Of course, the men were in very good hands. "With our excellent multi-disciplinary team, I am confident that we offer one of the best lung transplant programs in the world," says Yoshiya Toyoda, MD, Temple's Chief of Cardiovascular Surgery and Surgical Director of Heart and Lung Transplantation.

Max Clark went first – undergoing a double-lung transplant procedure at Temple in May of 2010. "He has done well in the four years since his procedure," says James Mamary, MD, his Temple pulmonologist. "He stays active mentally and physically … and tells me how he grows exotic plants in his home and attends folk music festivals," he adds.

His transplant buddy, John Oberton, soon followed – with Dr.
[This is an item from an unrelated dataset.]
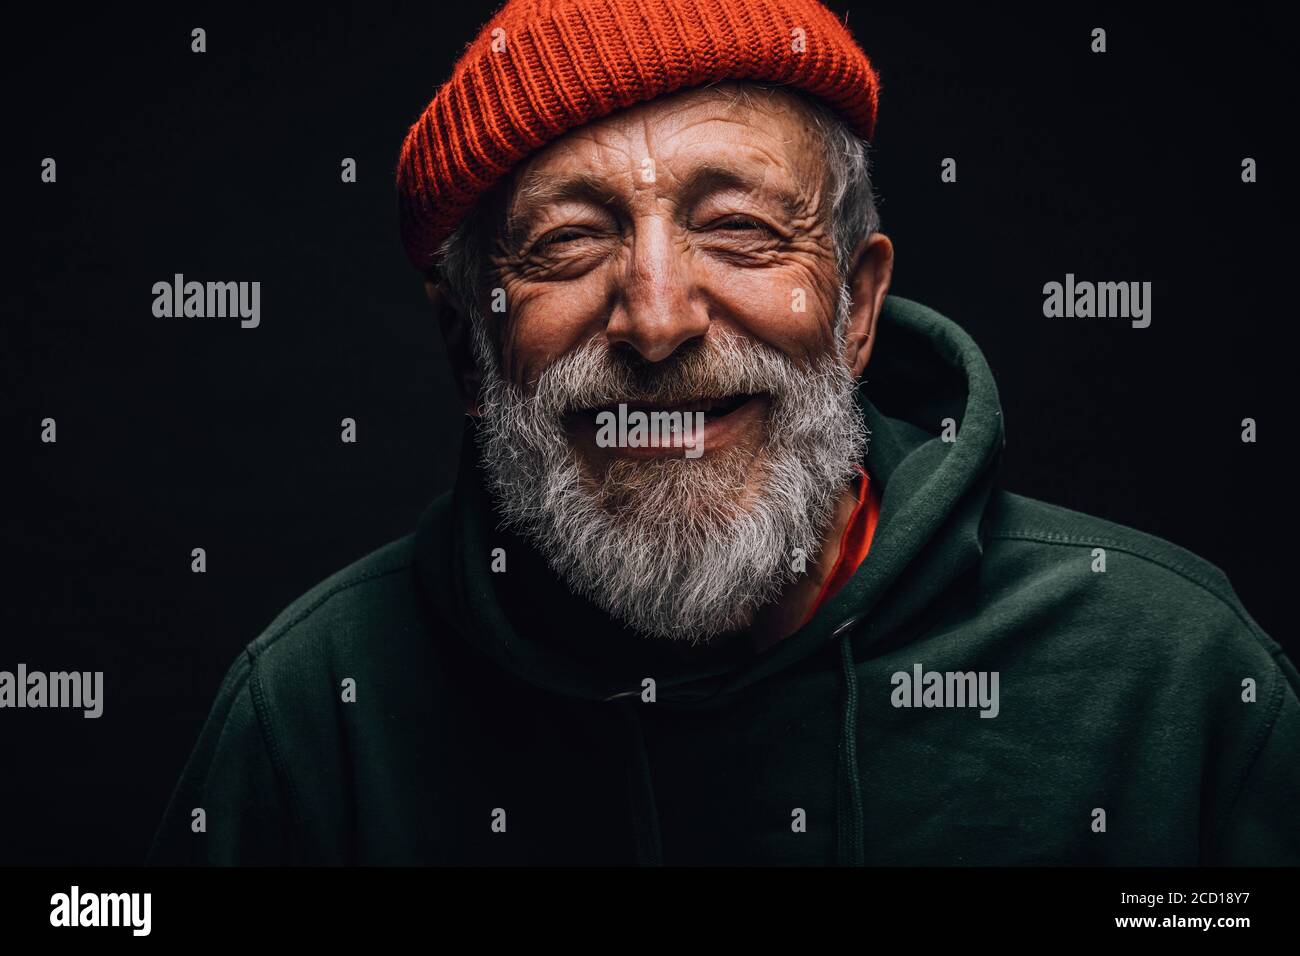 Close up portrait of happy 70-year-old optimist man with smiling wrinkled face, dressed in hipster orange hat and green hoodie, isolated over black ba Stock Photo

Toyoda performing that double-lung transplant surgery on March 23, 2013. "Since his transplant, I’ve watched him focus his energy – taking care of himself as well as helping others around him, like when shoveling snow from his neighbor's driveway," reports his physician, Namrata Patel, MD, Associate Medical Director of Lung Transplantation. "It's really rewarding to see how much his life has changed since transplant. He is making wonderful use of this gift by doing what he needs to keep well and to help others – particularly those struggling with lung disease as he once was."
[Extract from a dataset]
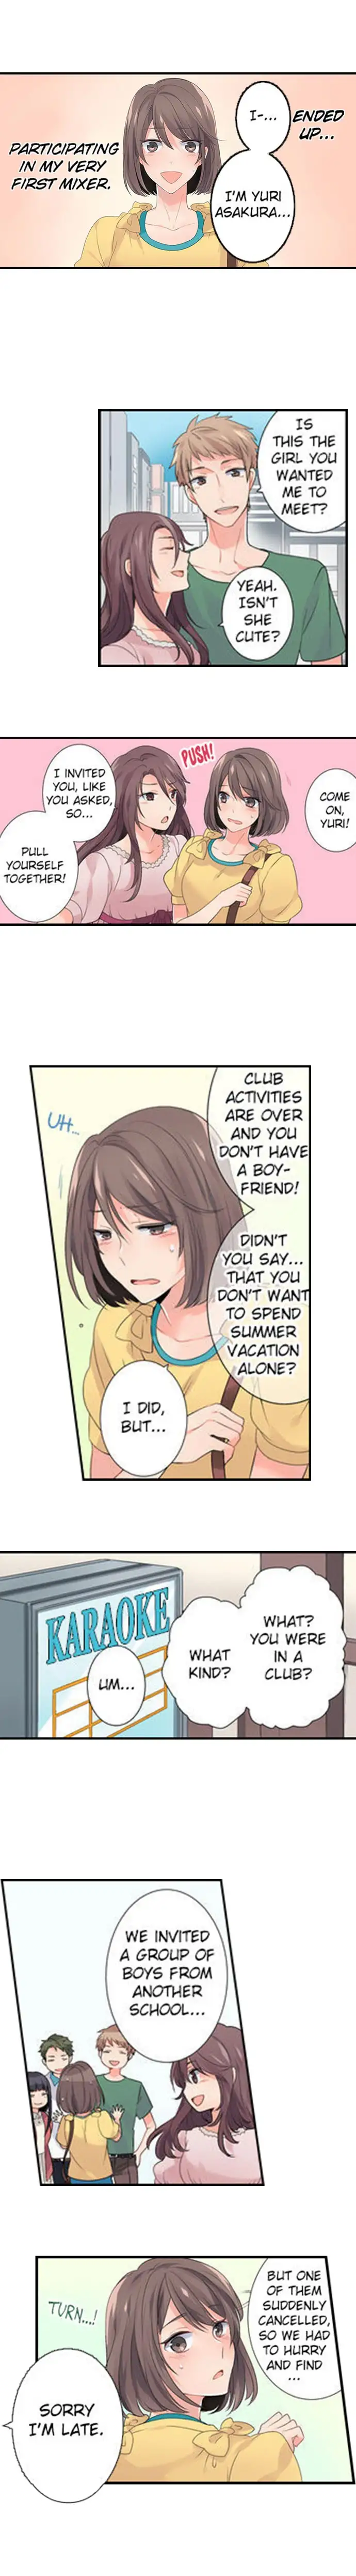 One-Summer Boyfriend -All Our Firsts Together- - Chapter 1 Page 3

As Oberton recovered at home, he also spent some quiet time reflecting on the precious gift he had been given as a result of the organ-donation process. Like most transplant recipients, the moment of being told that his new lungs were available was bittersweet – he felt joy for the promise of a new life that awaited him, and profound sadness for the grief of the family who had lost a loved one. He began to put his thoughts into a "thank you" letter that would be shared with the donor's family. "It was the most difficult letter I wrote in my life," he said. "I had a Word document open on my computer for about a month. Finally, I just wrote it from my heart."

Second Chance at Life

Today, Oberton says he "feels reborn … like I have a second chance at life!" "I couldn't have made it through everything without the support of Max [Clark], another friend Joe Sacco, the Temple support group, and Temple's entire remarkable team," he adds. "Temple feels like a second home!"